Cory Booker, a product of the suburbs, is coming to ruin the suburbs, according to Trump

Lately, Trump has singled out one person as the mastermind of this Biden plot to degrade what Trump seems to envision as mostly white, middle- and upper-middle-class enclaves: Sen. Cory Booker, the New Jersey Democrat and former presidential candidate, who is Black.

The president said Monday on Fox News that Biden is going to have Booker oversee a program that will bring more low-income people of color into suburban neighborhoods.

So you have this beautiful community in the suburbs, including women, right? Women. They want security. I ended where they build a low-income housing project right in the middle of your neighborhood. I ended it. If Biden gets in, he already said it’s going to go at a much higher rate than ever before. And you know who’s going to be in charge of it? Cory Booker. That’s going to be nice. Okay?

Trump also said that Booker was the agent who will change suburbia as we know it on Twitter last month, as he was warning of the coming threat to the lifestyle of “suburban housewives.”

The connection being made here appears to stem from Biden’s stated support of legislation similar to a bill Booker co-sponsored in 2019 that would fund grants to develop a zoning strategy that would allow for mixed-income housing. Booker, a former mayor of Newark, also made affordable housing part of his pitch to voters in the Democratic primary.

Of course, signing a bill that one senator promoted is significantly different than putting that senator “in charge” of implementing a policy, so plenty of people have questioned what else could be behind frequently invoking one of the nation’s most recognizable Black politicians in this attack.

Booker says it’s a racially motivated scare tactic, and he described such tactics as a factor in making Trump so unpopular with so many voters of color. Booker believes that could ultimately cost Trump voters in the suburbs, which are far more diverse than Trump seems to understand.

“I really do think that it’s something as basic as, ‘Let me find a Black person, and I can try to scare people from the suburbs,’ ” Booker said on MSNBC’s “All In” last month. “But it’s very personal to me because of my backstory.”

Booker was raised in suburban New Jersey after his parents integrated a relatively affluent, predominantly White suburb in the hope of providing a better education for their sons. Here’s how Booker described his family’s experience on MSNBC:

In 1969, when I was a baby, my parents tried to move into these amazing New Jersey suburbs. They were turned away from houses because of the color of their skin. And if it wasn’t for activists — many of them White — in that community, they would send White couples out to pose as my parents after my parents were turned away to see if houses were still for sale.

Booker eventually enrolled in some of the best public schools in the state, where he was an honor student and star athlete before heading off to Stanford University. Booker eventually became mayor of Newark, where he made housing such a focus of his tenure that he made headlines for moving into public housing.

Booker said he is not surprised to see Trump adopt a racist housing philosophy, given that the president was previously sued by the federal government for trying to keep Black people out of his own properties.

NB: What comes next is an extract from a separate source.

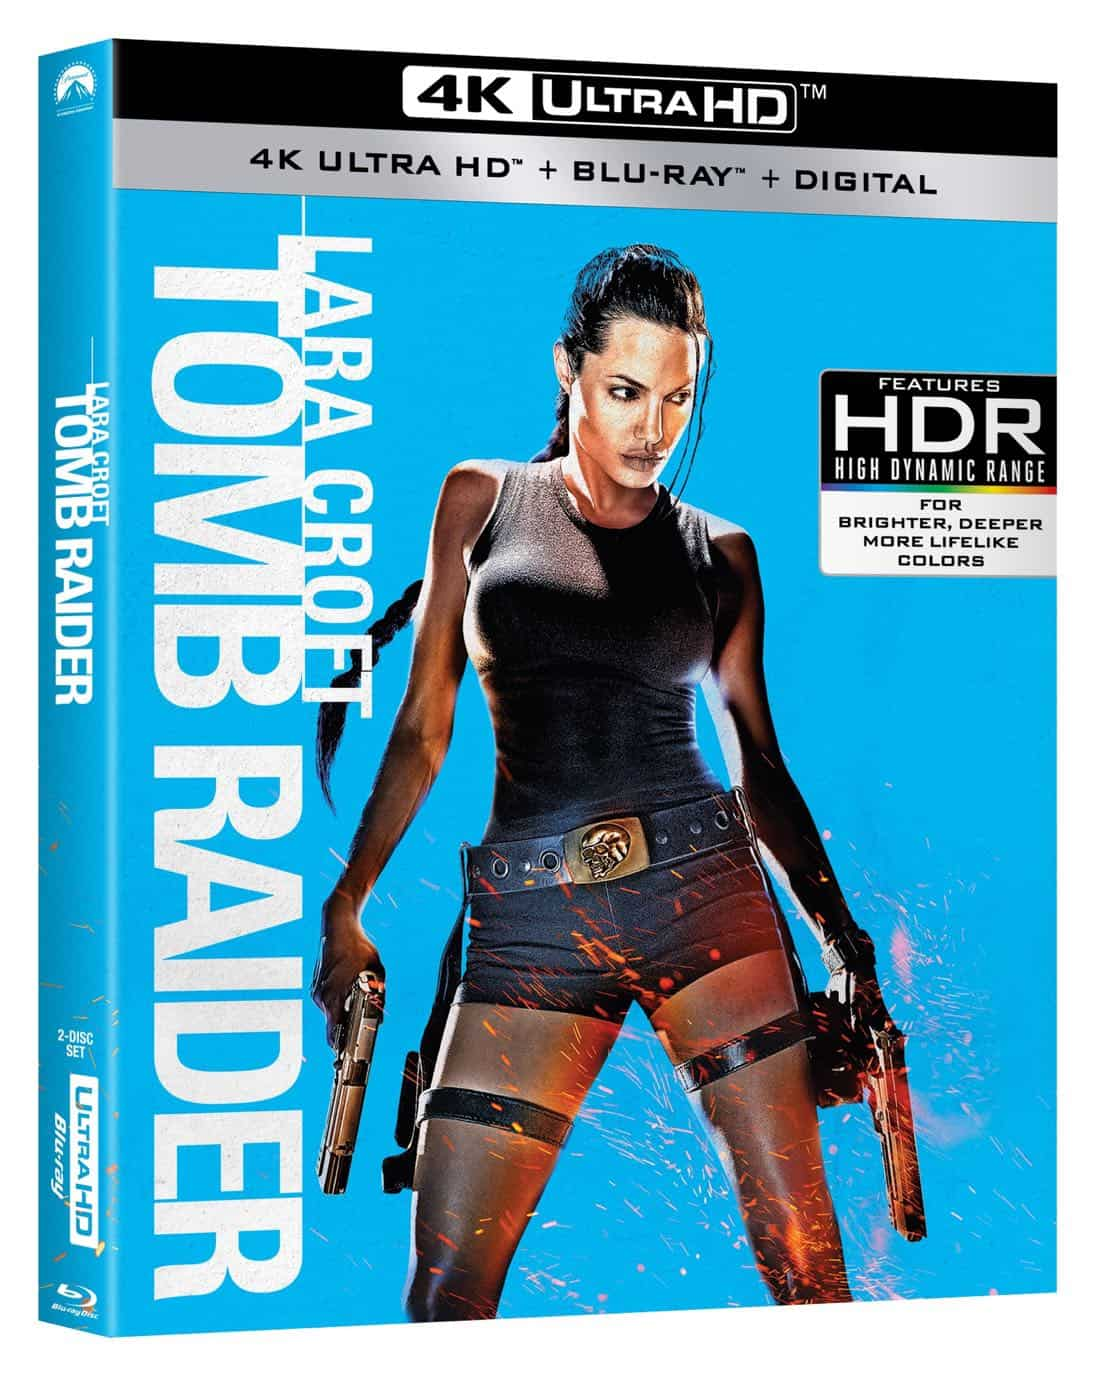 Lara-Croft-Tomb-Raider-4K-Ultra-HD-Bluray-Cover-1

“Remember, he had a major federal lawsuit against him for that kind of systemic discrimination,” Booker said. “So for him to try to whip up this boogeyman that people like me are scary to try to prey upon bigotry and fear … I’m sorry, this is a very old trope that was used by generations past, and it’s just not going to work in today’s America.”

Trump has consistently pushed back on efforts to make housing more accessible. In July, the Trump administration announced plans to revoke housing regulations that the Obama administration developed to end racial disparities in the suburbs, arguing that diversifying suburbia increases crime and lowers home values. Fair housing activists have criticized Trump’s decision to end the 2015 Affirmatively Furthering Fair Housing regulation, arguing that it will keep many low-income Americans and people of color from the suburban lifestyle they desire.

Since the earliest days of the 2016 campaign, playing to the fears of White Americans about a changing country has been a fundamental campaign strategy of the president. Trump won suburban voters during his previous campaign, but is losing them now — and he’s hoping that will change using proven scare tactics.

But by making the argument that the America that so many suburbanites love could be destroyed if Biden wins, Trump seems to be banking on White voters in America’s suburbs being less than enthusiastic about living next to a Black youth who might become the next Cory Booker.